Mark, Mark, Mark. You totally misunderstand the musical value of Nanci Griffith, and you've missed the proper sports metaphor. Academia's true sport is football. Not fútbol or Fußball, but old-fashioned American football. Baseball does generate cleaner statistics. And basketball has its virtues. But the true team sport is football.
Download time: Stop including so many superfluous and distracting pictures, most of which seem to be irrelevant anyway.
I suppose it's an aspirational preference for basketball, then, Jim. Football is, in George Will's famous complaint, too much a product of corporate, New Deal bureaucracy for me. (This isn't to adopt Will's distaste for the New Deal, nor his fetishization of baseball for that matter; just to make the point that the deliver of governmental services and of educational services in a post-graduate setting are different things.) Basketball is more delightfully free-flowing, improvisational, and yet also team-oriented than either football or baseball.
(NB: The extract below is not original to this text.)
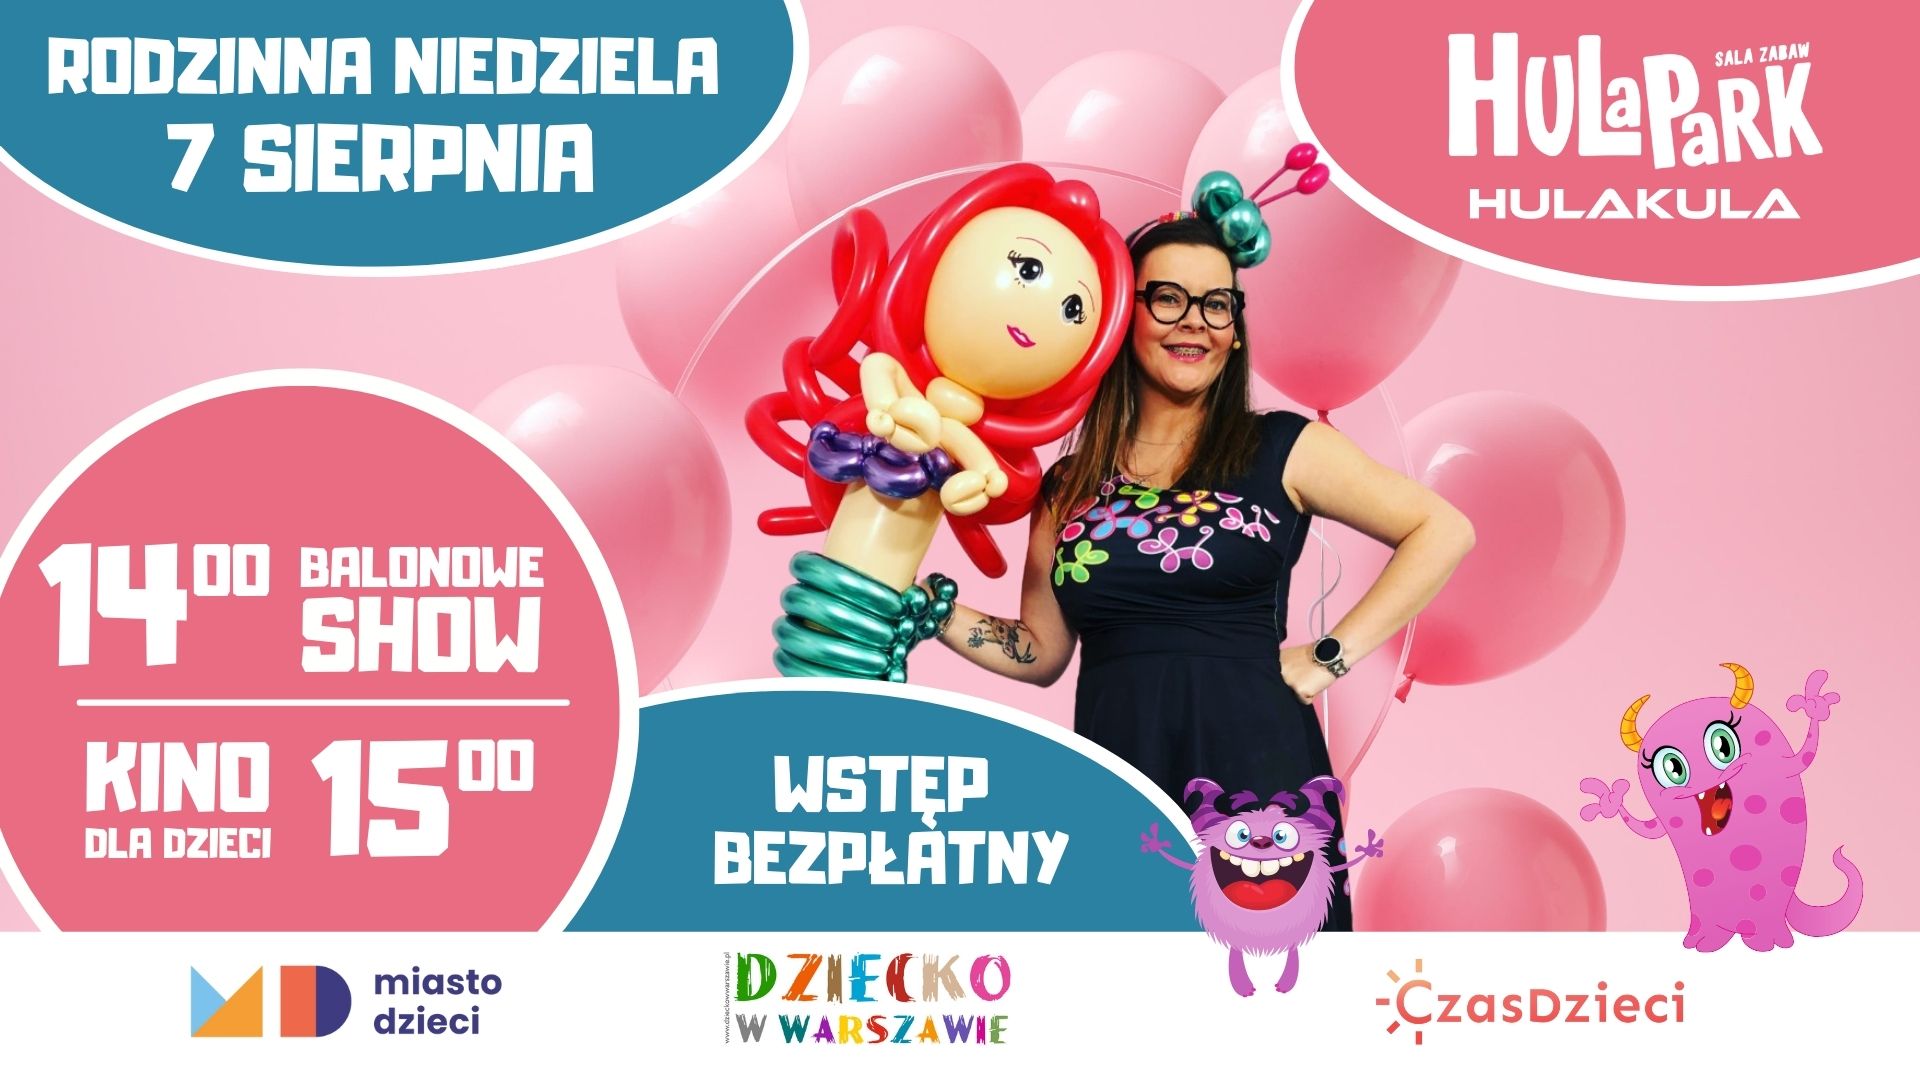 Balonowe show - Rodzinna Niedziela w Hulakula
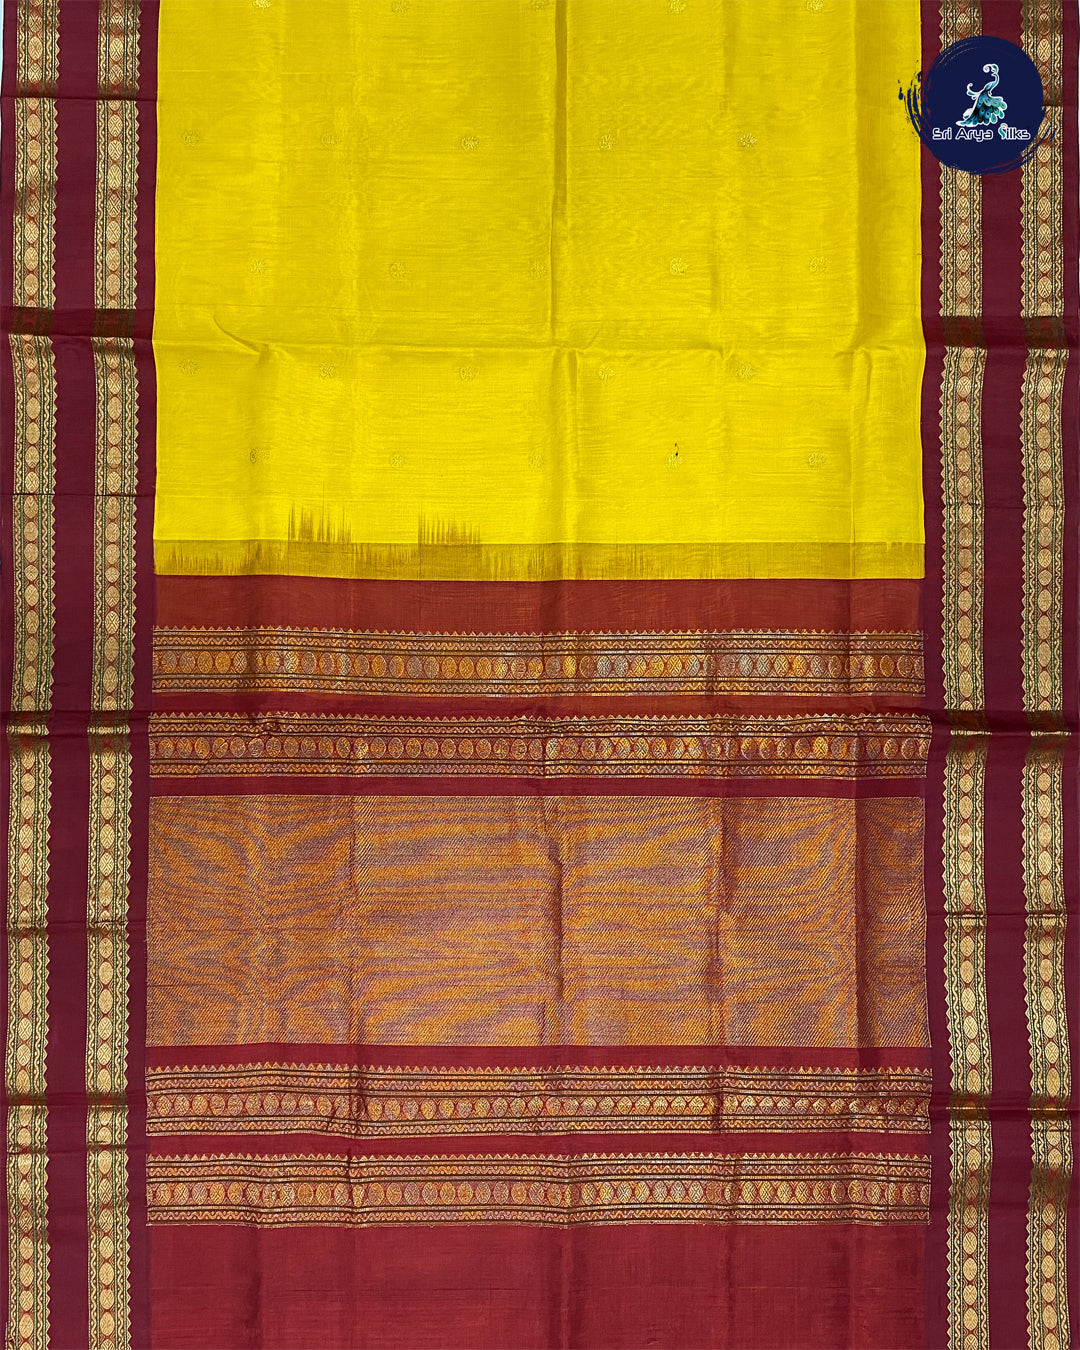 Yellow Korvai Silk Cotton Saree With Maroon Blouse & Buttas Pattern

Everyone can score in basketball. In football, the players have narrowly defined roles, and some players can't or will likely never score by design. That in itself renders it a model that's unattractive, if ill-designed, for the academy. This doesn't even touch on football's inherent violence and barbarity. But perhaps that's your point!
Certainly this study is not perfect and the student's discussion before the results suggests that he may just want to take a poke at the UC faculty - however - isn't this type of study pretty close to what Moneylaw would be interested in seeing more of? It measures productivity of faculty and while it has some flaws, probably approximates fairly closely the overall research productivity of faculty members (albeit at one school). It closely resembles studies condutcted in other disciplines on relative institutions productivity (e.g. they all exclude a certain number of relevant research outlets). If you are serious about Moneylaw concepts, then this seems to be just the sort of thing that Moneylaw ought to be producing - just better.
In the almost words of Jim Mora, "Football! Football! . . . . Don't talk about Football." Really you must be kidding unless you are referring to law faculties having several teams bashing each other. Even the notion to "team" seems off. Is free for all a sport? If so, that's the law school analogy. Now on to MoneyFreeforall.